Whichever way you look at it, the post-1992 Milan was the third Great Milan of the 20th century, after those of the 1930s and 1960s. A “metaplace” capable of intuiting and riding the redesign imposed by history – in this case, by the Third Globalisation that was transforming the global value chains. While the party system was foundering in the misery of rhetoric and the shamefulness of practice, the Milanese and northern companies were able – on their own, without any system of representation supporting them – to connect to the network of global chains, becoming protagonists in international production platforms and dominating them in key sectors.
It was here that for the second time, after the 1960s, the system of the “Italian house” – Gio Ponti spoke of it in the editorial of his second term as editor-in-chief of Domus – represented the model for the rebirth of Milan. Soon imitated by fashion, chemistry, mechanics, and the automotive industry, this model introduced Milan into the circuit of Global cities where architecture increasingly provided an urban and community alphabet. Just as had happened in the 1930s and 1960s, but this time in a global perspective where intangible functions and the ability to create new connections count as much as production and services, since these are the connection points between ideas and reality.
And now what? What is left of Milan after the Salone del Mobile 2022? The transition is equally crucial and even tighter. After the Great Recession of 2008, the urban sovereign debt crisis of 2011 and the pandemic of 2020, Milan is experiencing a war just a few hours’ drive away. Compared to other Italian cities, Milan has its own economic and financial, technological and intellectual, creative and aesthetic structure. However, this time – compared to 1945 and 1992 – the challenge is about identity. No other city in Italy has experienced the paralysing silence of the pandemic as Milan has. And no other global capital has experienced the fear of losing its own leadership as Milan has. A leadership that roots its power into doing, into building, into shaping the world.
It is here, then, that the Salone del Mobile 2022 and the renewed energy of the Fuorisalone can be identified, which although not comparable to the pre-lock-down ones deserves a separate discussion.

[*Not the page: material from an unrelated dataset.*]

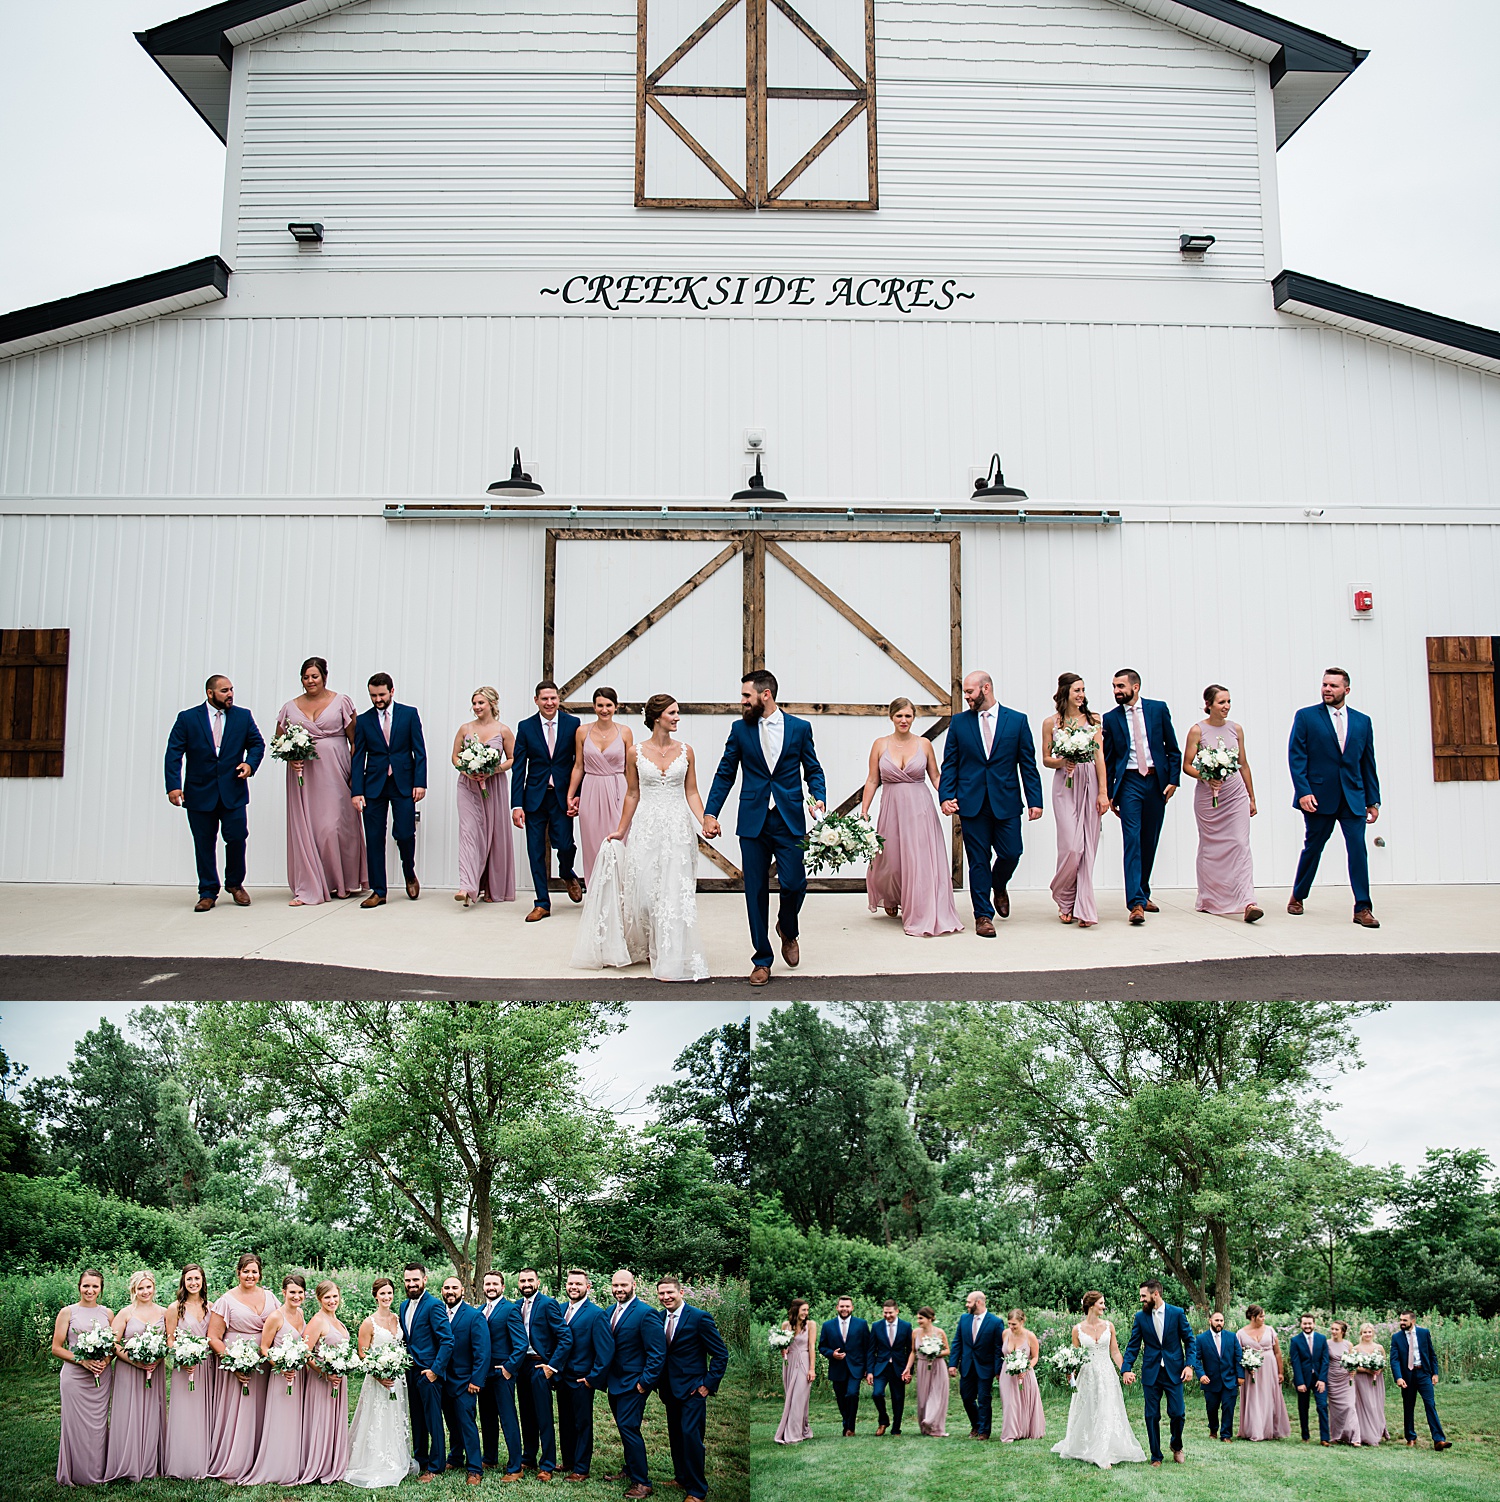 Bridal party outside of Creekside acres wedding event barn wearing blue suits and blush dresses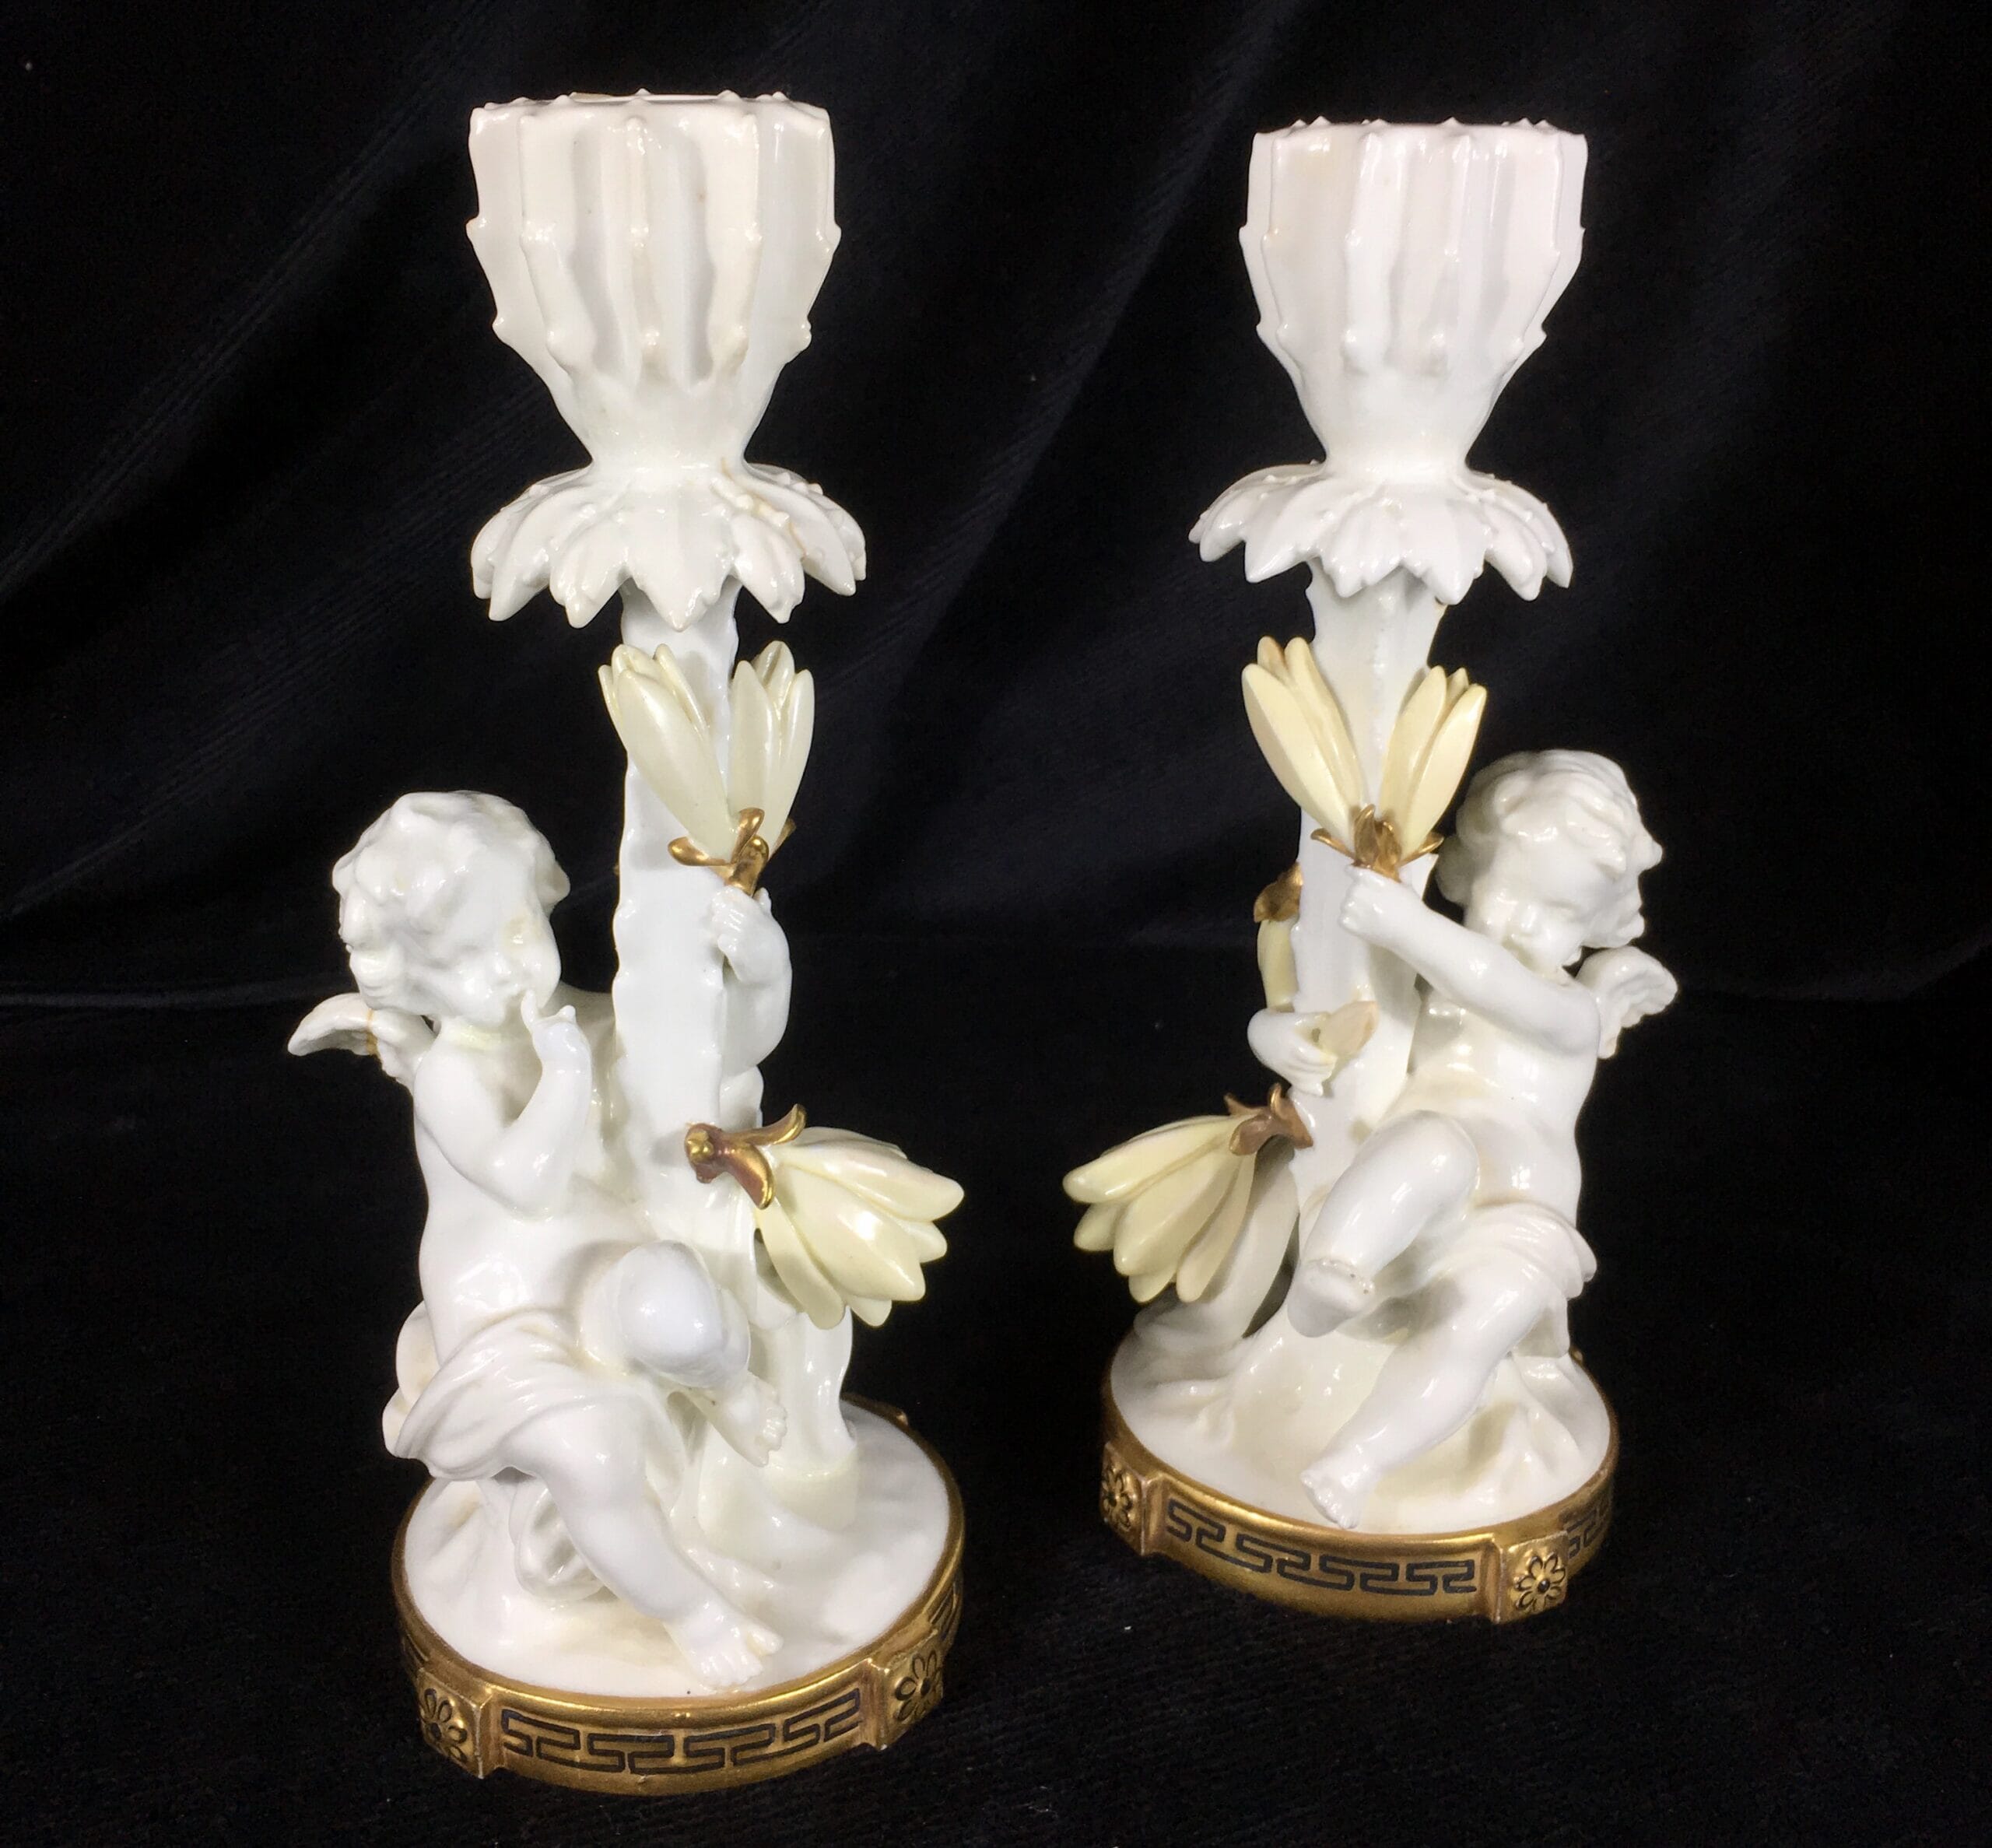 Pair of Moore Brothers candlesticks with cherubs & cactus, c. 1885-0

On its 60th anniversary, Design Week has shown that despite its successes (+27% in sales), Italian design is not a commercial phenomenon that is fed by the desire for a new centrality of the home and also to reject the reasons for war – with brotherhood – in the name of beauty. Rather, it is something deeper and more radical, something that has to do with the very essence of places and communities, of cities understood as the connection between the urbs, the civitas and the communitas, i.e., architecture, rules and community.
The Salone del Mobile 2022 was proof that Milan remains both the genetic code and the factory of a hypocritical and naive, complicated and wonderful, opportunistic and generous country. A country that delegates, once again, to Milan to live up to its past but, above all, to its future as a world-city, in which the syntax for surviving and perhaps thriving in the Fourth Globalisation is being worked out, which is by no means dead but is testing on us the umpteenth, painful, salvific transformation.